Pasta Tossed with Sugar Pumpkin Puree


This delicious pasta just goes to prove, pumpkin puree is not just for pumpkin pie. photo by Nancy Duran

Pumpkins are on just about every front porch this time of year. But rarely do you see them in the kitchen. And that’s a shame. Because little sugar pumpkins are really very tasty and versatile. They certainly live up to their sweet namesake and they are easier to prepare than you might think. My recommendation is, get yourself some of these little pumpkins and roast them up to make yourself a couple batches of puree.

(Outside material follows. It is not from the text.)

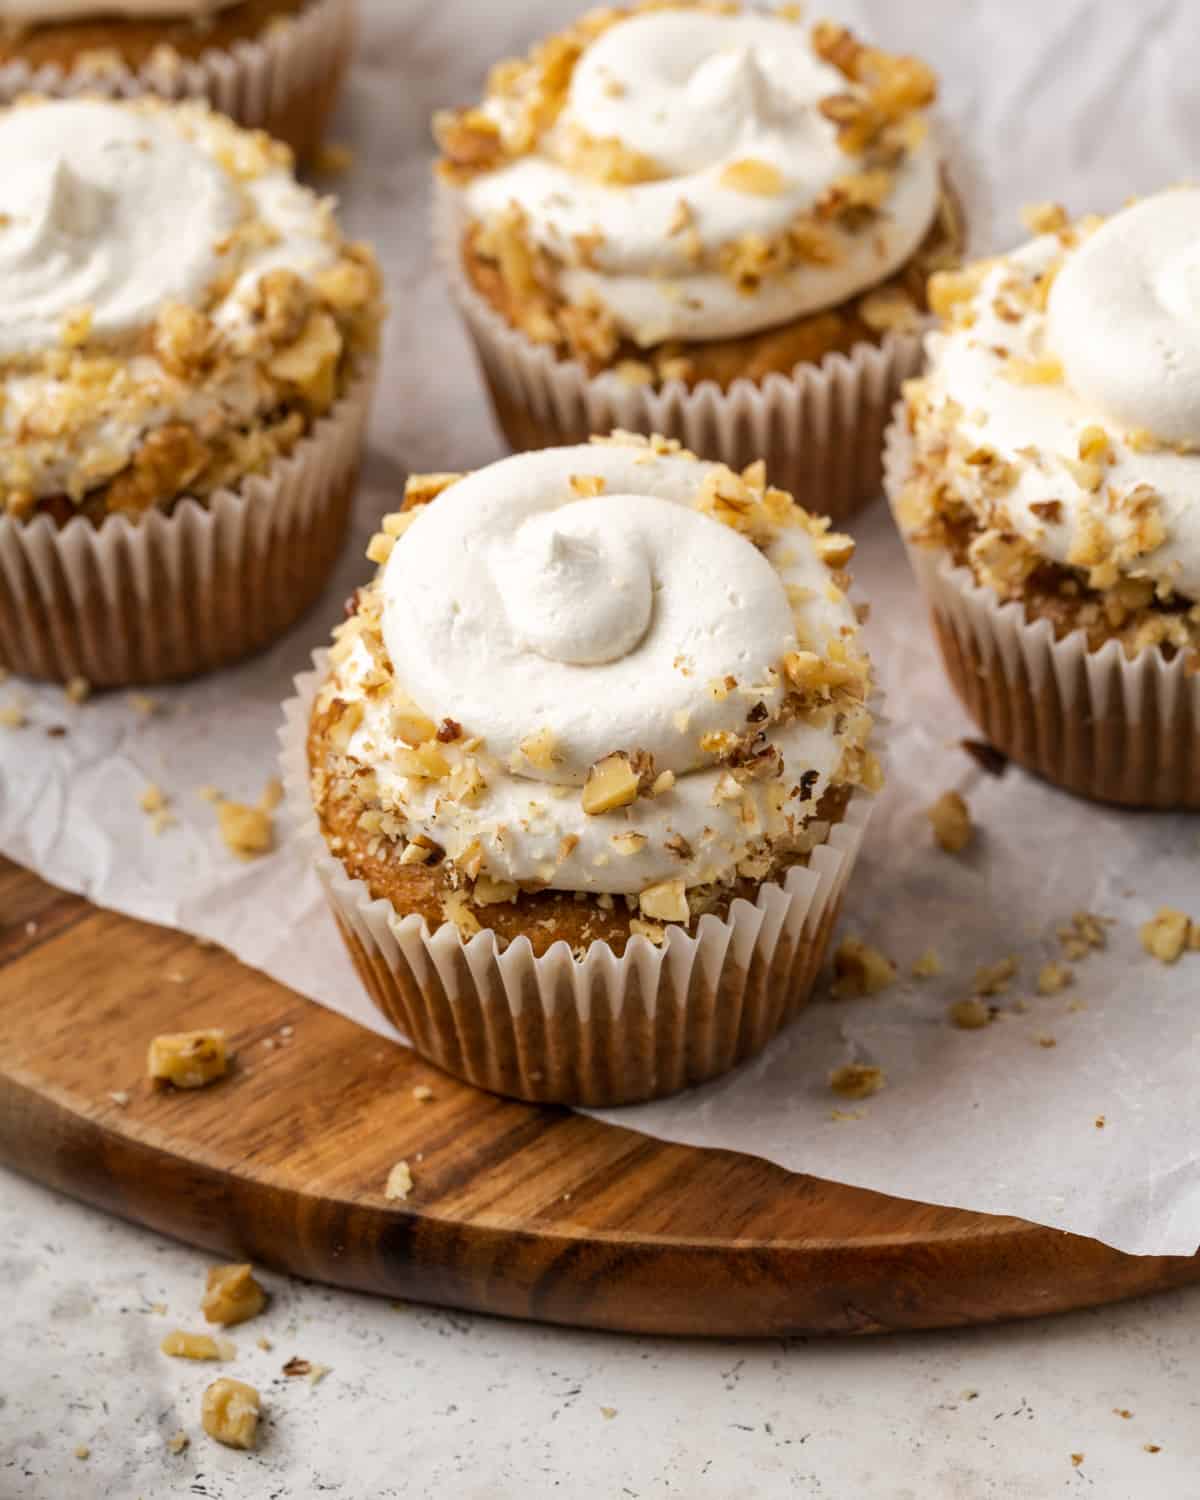 Gluten free carrot cake cupcakes decorated with cream cheese frosting and chopped walnuts.

It freezes great and can be used in everything from pumpkin soup to pumpkin pie, right on down to this tasty pumpkin pasta.

Serves 6

1 small sugar pumpkin (2 to 3 pounds)
1 tablespoon olive oil
1 pound spaghetti
2 tablespoons unsalted butter
1 large shallot, finely chopped
1/3 cup sour cream
1/3 cup grated Parmesan cheese, plus more for serving
Pinch of ground allspice
Salt and freshly ground black pepper
3 tablespoons finely chopped fresh flat-leaf parsley

  1. You’ll need to roast the pumpkin so that you have fresh pumpkin puree for your pasta. Preheat the oven to 375°F. Line a baking tray with parchment paper.
  2. Place your pumpkin on a large cutting board and get yourself a sharp knife. To halve the pumpkin, first, give yourself a flat edge. This way it won’t roll around on your cutting board. Make a shallow cut horizontally across the top (stem end) of the pumpkin to remove the stem. Turn the pumpkin upside down and create the same type of cut on the bottom to create another flat edge. Now it is safe to cut through the pumpkin lengthwise so that you can cleave it in half to expose the seeds.
  3. Next, you’ll need to remove the seeds. I like to use a serrated grapefruit spoon to do this but if you don’t have one just use a regular spoon and some elbow grease. Remove the pulp and seeds. Separate the seeds from the pulp and set them aside to roast with the seasonings of your choice. (They make a great snack.)
  4. Place the pumpkin halves, flesh side-down, on the prepared baking tray. Bake for 45 to 50 minutes, until the skin is soft enough so that when you gently press on it, it dimples. When the pumpkin is cool enough to handle, using a large spoon, scoop out the flesh. One 2 to 3 pound pumpkin should yield around 2 cups of puree.
  5. Bring a large pot of salted water to the boil. Add the spaghetti and cook according to package directions. Before draining, reserve 1 cup pasta cooking water. Drain and rinse the pasta in the colander under running water to remove excess starch. Place the drained pasta in a large bowl.
  6. Meanwhile, heat the butter in a small frying pan over low heat. Add the shallot and cook, stirring, until softened, about 3 minutes.
  7. Place the pumpkin puree, cooked shallots (along with the butter in the pan), sour cream, grated Parmesan, all spice, and reserved pasta water in the bowl of a food processor. Process until smooth. Season to taste with salt and pepper.
  8. Pour pumpkin puree mix over pasta and stir well to combine and coat all over. Served topped with fresh parsley and extra grated Parmesan.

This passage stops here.